(EXERCISE REQUIREMENTS) Quote these lines exactly: the one that holds "halim interior Minimalis rt3 bed set" and every line after it to the end of the material below. Skip pictures.

(EXERCISE DATA)
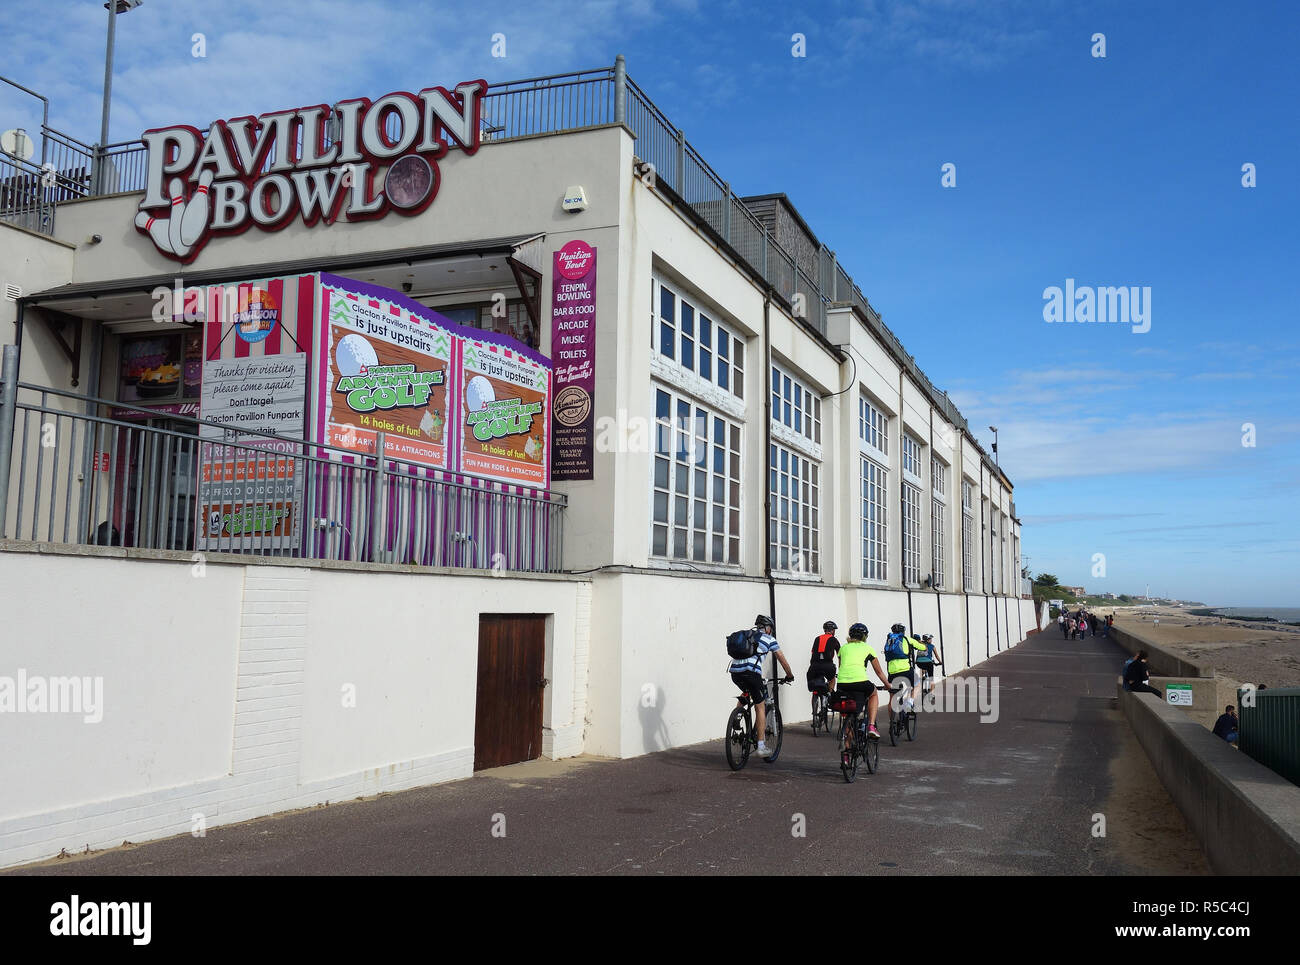 Pavilion Bowls, Clacton-on-Sea, Essex, England, UK Stock Photo
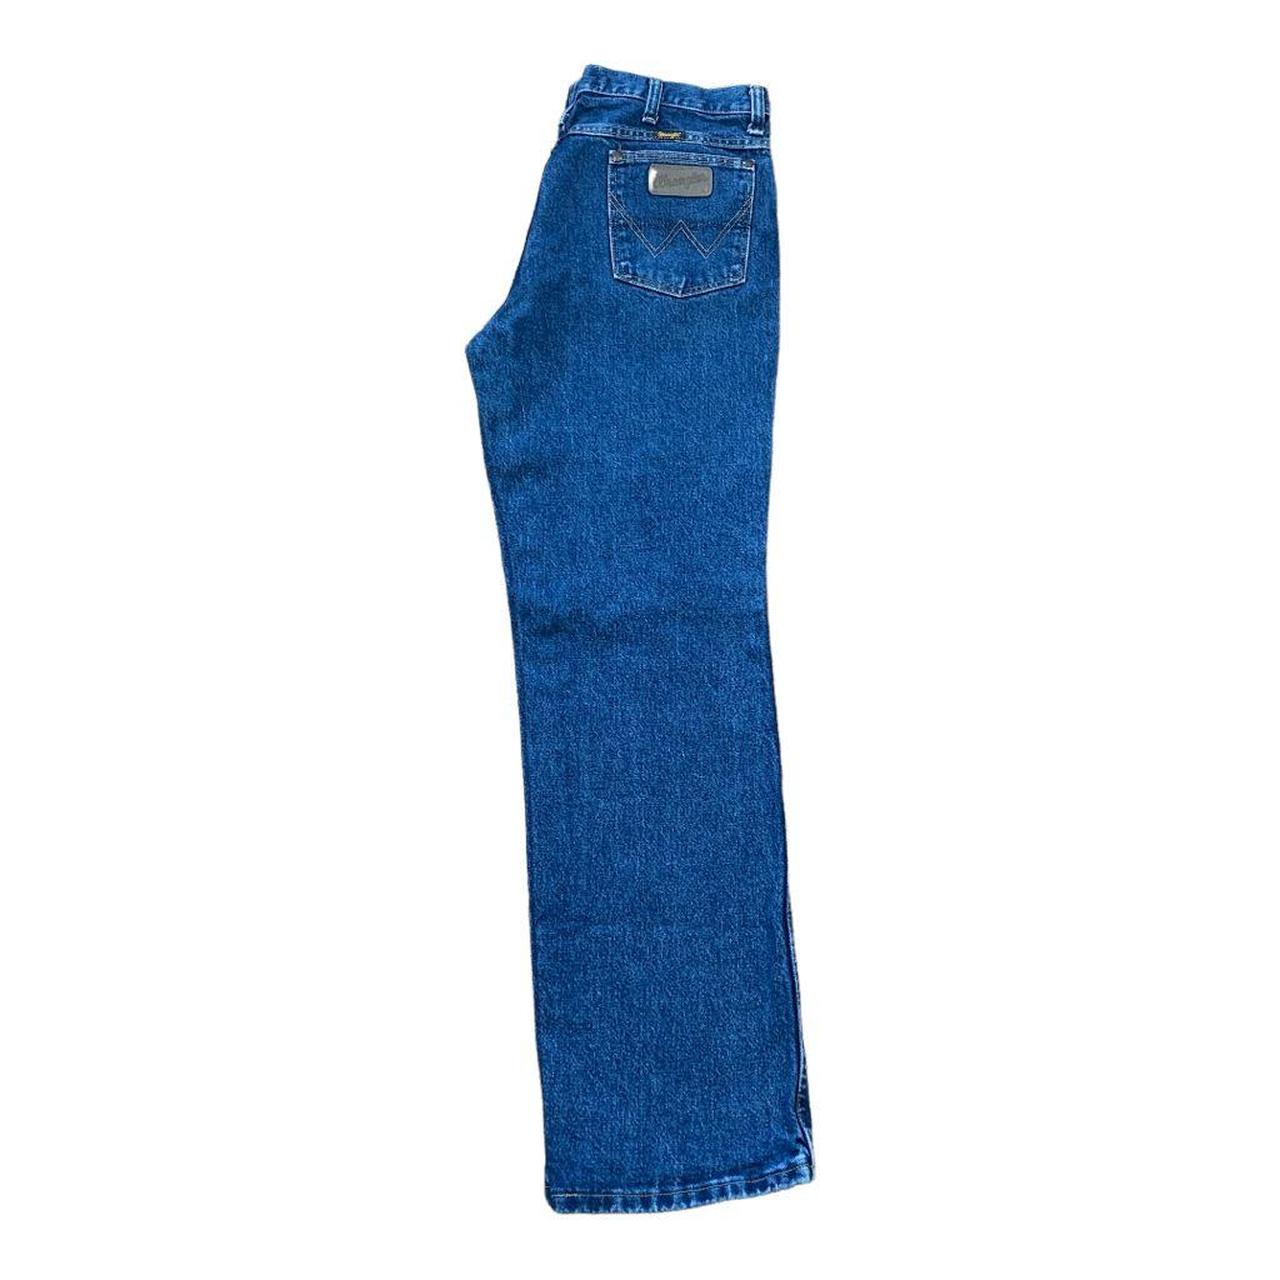 Product Image 3 - 90s Wrangler Jeans Vintage Size
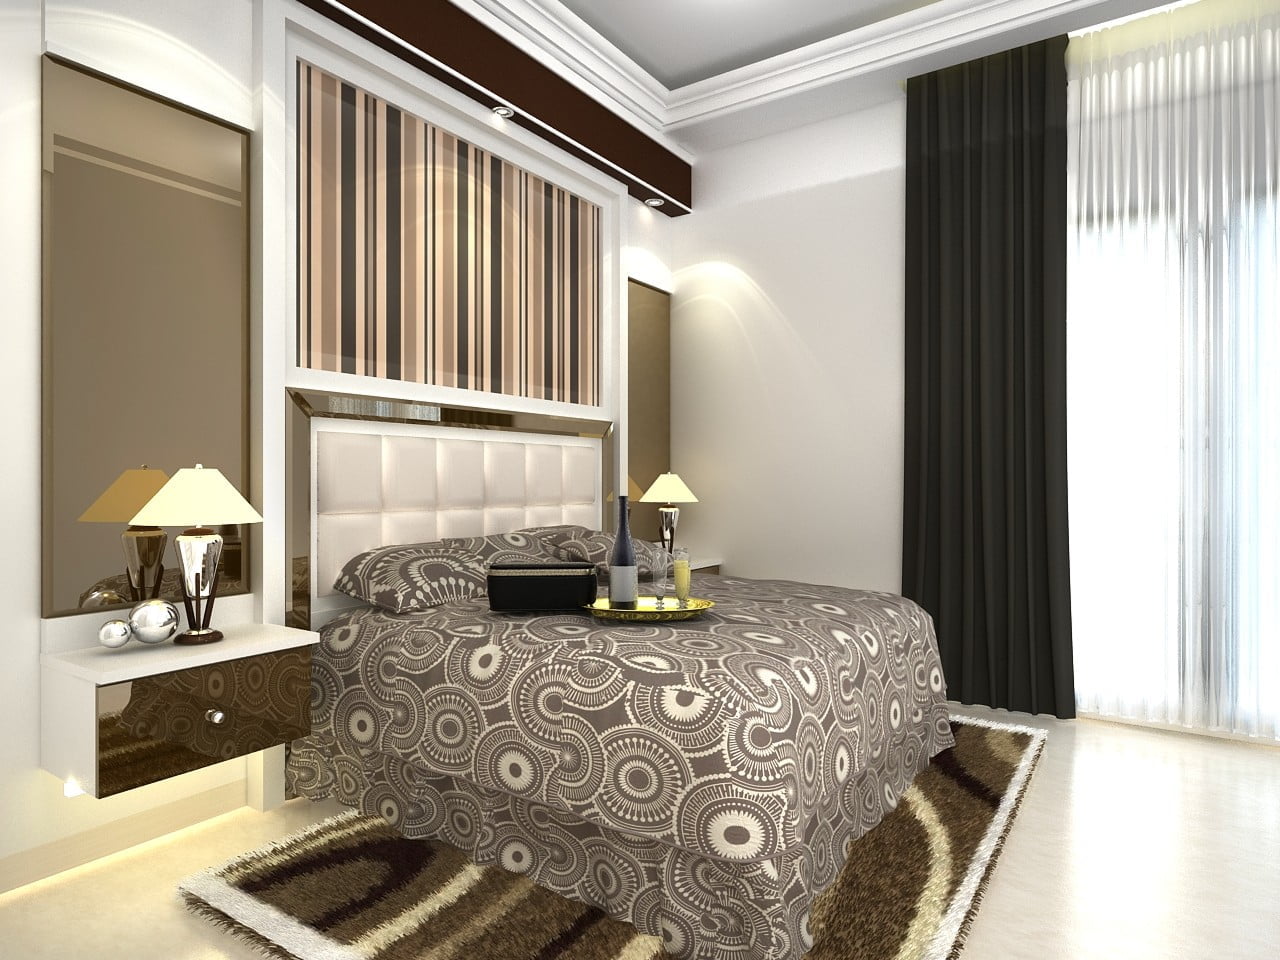 halim interior Minimalis rt3 bed set
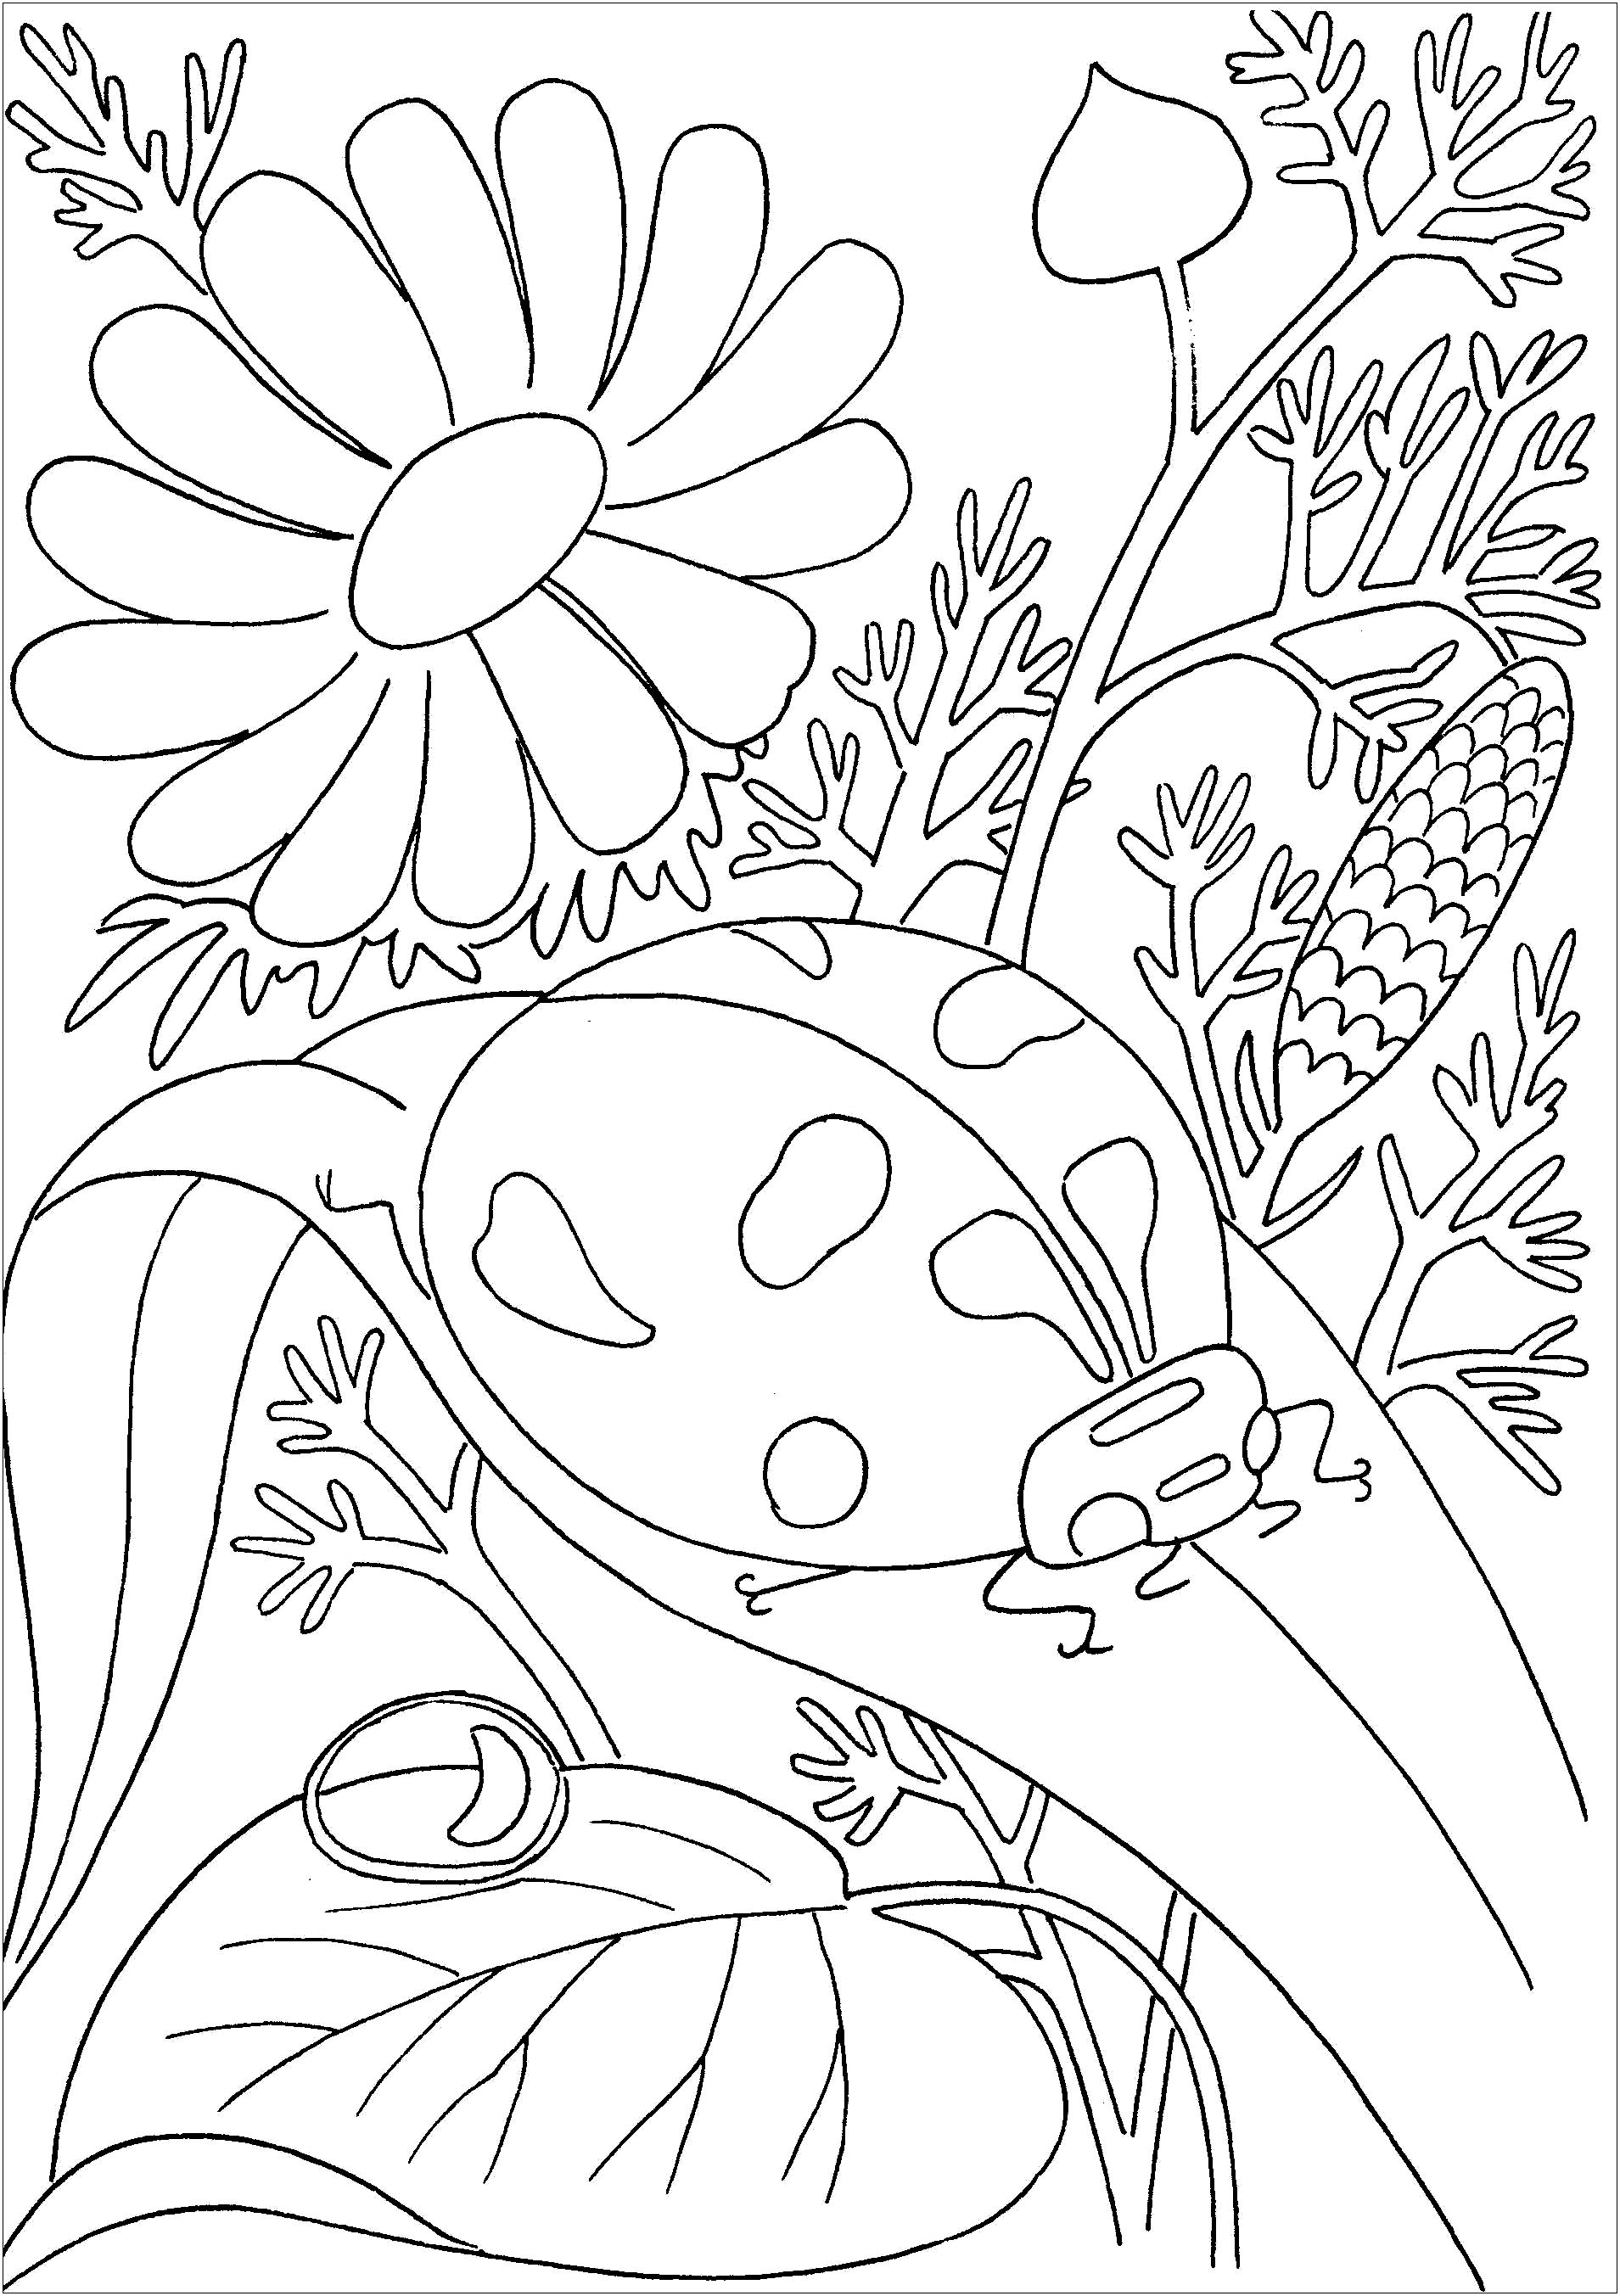 La mariquita camina sobre su rama rodeada de flores.

(WRITTEN RESPONSE)
 halim interior Minimalis rt3 bed set
 La mariquita camina sobre su rama rodeada de flores.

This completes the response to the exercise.